We can continue our analysis by looking at the heterozygous variants in our case, for which the control carries a reference homozygous, with the code:
zcat joint_germline_recalibrated_snpEff.ann.vcf.gz | grep PASS | grep HIGH | perl -nae 'if($F[10]=~/0\/0/ && $F[9]=~/0\/1/){print $_;}'
This will results in the following list of variants:
chr21 44339194 rs769070783 T C 57.91 PASS AC=1;AF=0.25;AN=4;BaseQRankSum=-2.373;DB;DP=84;ExcessHet=0;FS=0;MLEAC=1;MLEAF=0.25;MQ=60;MQRankSum=0;POSITIVE_TRAIN_SITE;QD=3.41;ReadPosRankSum=-0.283;SOR=0.859;VQSLOD=198.85;culprit=FS;ANN=C|start_lost|HIGH|CFAP410|ENSG00000160226|transcript|ENST00000397956.7|protein_coding|1/7|c.1A>G|p.Met1?|200/1634|1/1128|1/375||,C|upstream_gene_variant|MODIFIER|ENSG00000232969|ENSG00000232969|transcript|ENST00000426029.1|pseudogene||n.-182T>C|||||182|,C|downstream_gene_variant|MODIFIER|ENSG00000184441|ENSG00000184441|transcript|ENST00000448927.1|pseudogene||n.*3343T>C|||||3343|;LOF=(CFAP410|ENSG00000160226|1|1.00) GT:AD:DP:GQ:PL 0/1:8,9:17:66:66,0,71 0/0:67,0:67:99:0,118,999
chr21 44406660 rs139273180 C T 35.91 PASS AC=1;AF=0.25;AN=4;BaseQRankSum=-4.294;DB;DP=127;ExcessHet=0;FS=5.057;MLEAC=1;MLEAF=0.25;MQ=60;MQRankSum=0;POSITIVE_TRAIN_SITE;QD=0.51;ReadPosRankSum=0.526;SOR=1.09;VQSLOD=269.00;culprit=FS;ANN=T|stop_gained|HIGH|TRPM2|ENSG00000142185|transcript|ENST00000397932.6|protein_coding|19/33|c.2857C>T|p.Gln953*|2870/5216|2857/4662|953/1553||;LOF=(TRPM2|ENSG00000142185|1|1.00);NMD=(TRPM2|ENSG00000142185|1|1.00) GT:AD:DP:GQ:PL 0/1:48,22:71:44:44,0,950 0/0:51,0:51:99:0,100,899
chr21 45989090 . C T 43.91 PASS AC=1;AF=0.25;AN=4;BaseQRankSum=2.65;DP=89;ExcessHet=0;FS=4.359;MLEAC=1;MLEAF=0.25;MQ=60;MQRankSum=0;QD=2.58;ReadPosRankSum=-1.071;SOR=1.863;VQSLOD=240.19;culprit=FS;ANN=T|stop_gained|HIGH|COL6A1|ENSG00000142156|transcript|ENST00000361866.8|protein_coding|9/35|c.811C>T|p.Arg271*|892/4203|811/3087|271/1028||;LOF=(COL6A1|ENSG00000142156|1|1.00);NMD=(COL6A1|ENSG00000142156|1|1.00) GT:AD:DP:GQ:PL 0/1:10,7:18:51:52,0,51 0/0:70,0:70:99:0,120,1800
If we search them one by one, we will see that one in particular occurs on a gene (COL6A1) which was previously reported as constrained for loss of function variants in the database version 2.1:
while the version 4.0 of the database, resulting from almost one million samples, reports the gene as not constrained:
We can search for this variant in ClinVar by using an advanced search and limiting our search to both chromosome and base position, like indicated in figure below:
This will return two results: one deletion and one single nucleotide variant C>T corresponding to the one we called in the case individual:
If we click on the nomenclature of the variant we found, we will be able to access the data provided with the submission.

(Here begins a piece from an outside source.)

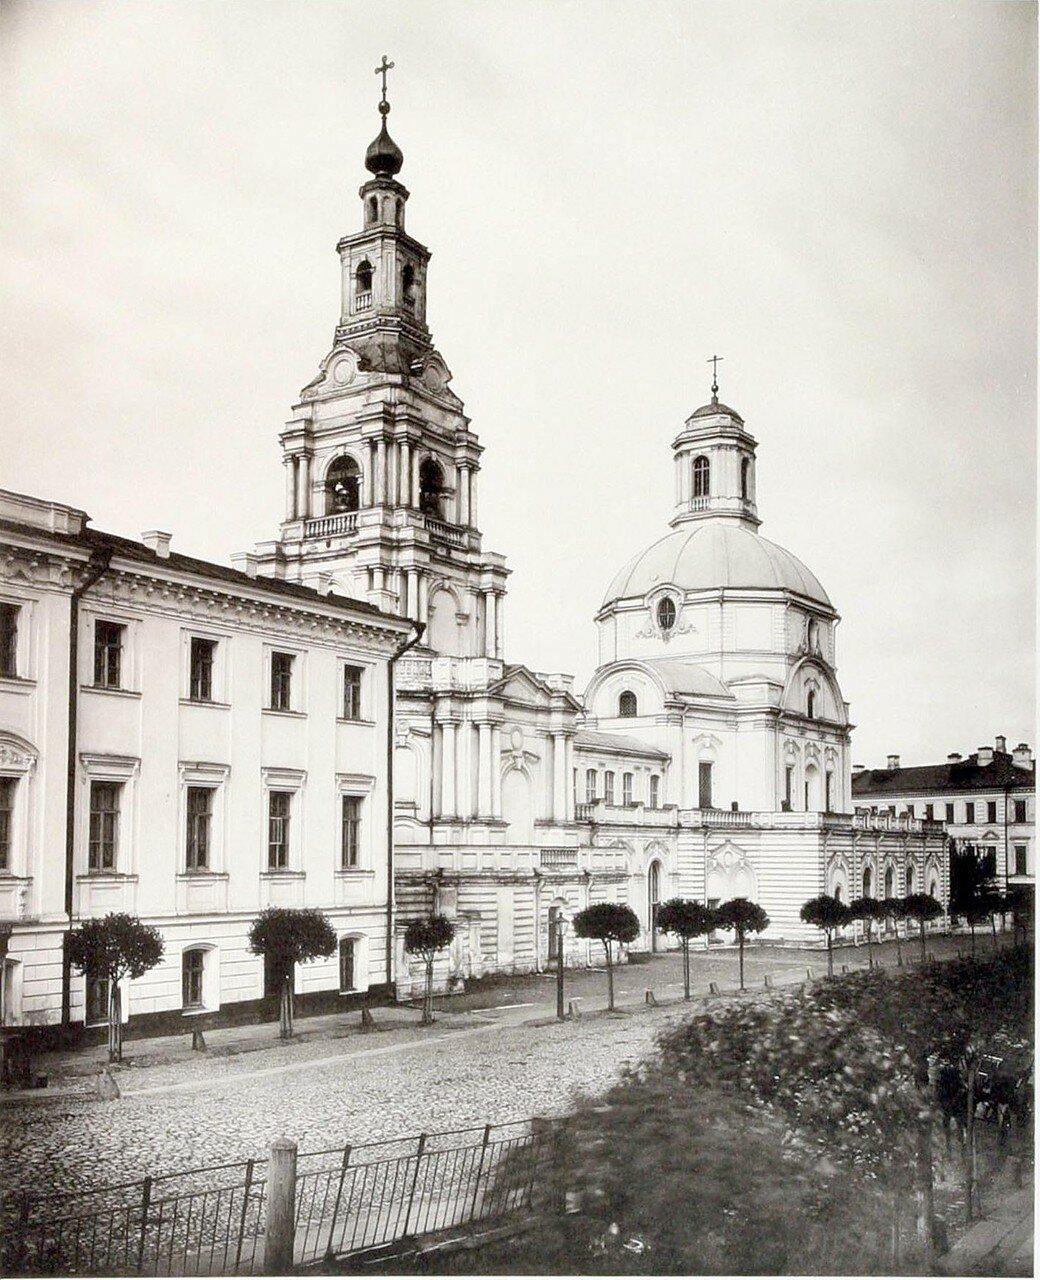 392. Церковь апостолов Петра и Павла

In this page we can see that multiple submitters have provided an interpretation for this nonsense mutation (2 stars). Under the section "Submitted interpretations and evidence" we can gather additional data on the clinical information that led the submitters to classify the variant as "pathogenic".
Conclusions¶
After narrowing down our search and inspecting genomic context and clinical information, we can conclude that the variant
chr21 45989090 C T AC=1;AF=0.25;AN=4;BaseQRankSum=2.37;DP=86;ExcessHet=0;FS=0;MLEAC=1;MLEAF=0.25;MQ=60;MQRankSum=0;QD=2.99;ReadPosRankSum=-0.737;SOR=1.022;VQSLOD=9.09;culprit=QD;ANN=T|stop_gained|HIGH|COL6A1|ENSG00000142156|transcript|ENST00000361866.8|protein_coding|9/35|c.811C>T|p.Arg271*|892/4203|811/3087|271/1028||;LOF=(COL6A1|ENSG00000142156|1|1.00);NMD=(COL6A1|ENSG00000142156|1|1.00) GT:AD:DP:GQ:PL 0/1:8,6:15:40:50,0,40 0/0:70,0:70:99:0,112,1494
is most likely the causative one, because it creates a premature stop in the COL6A1 gene, with loss of function variants on this gene known to be pathogenic.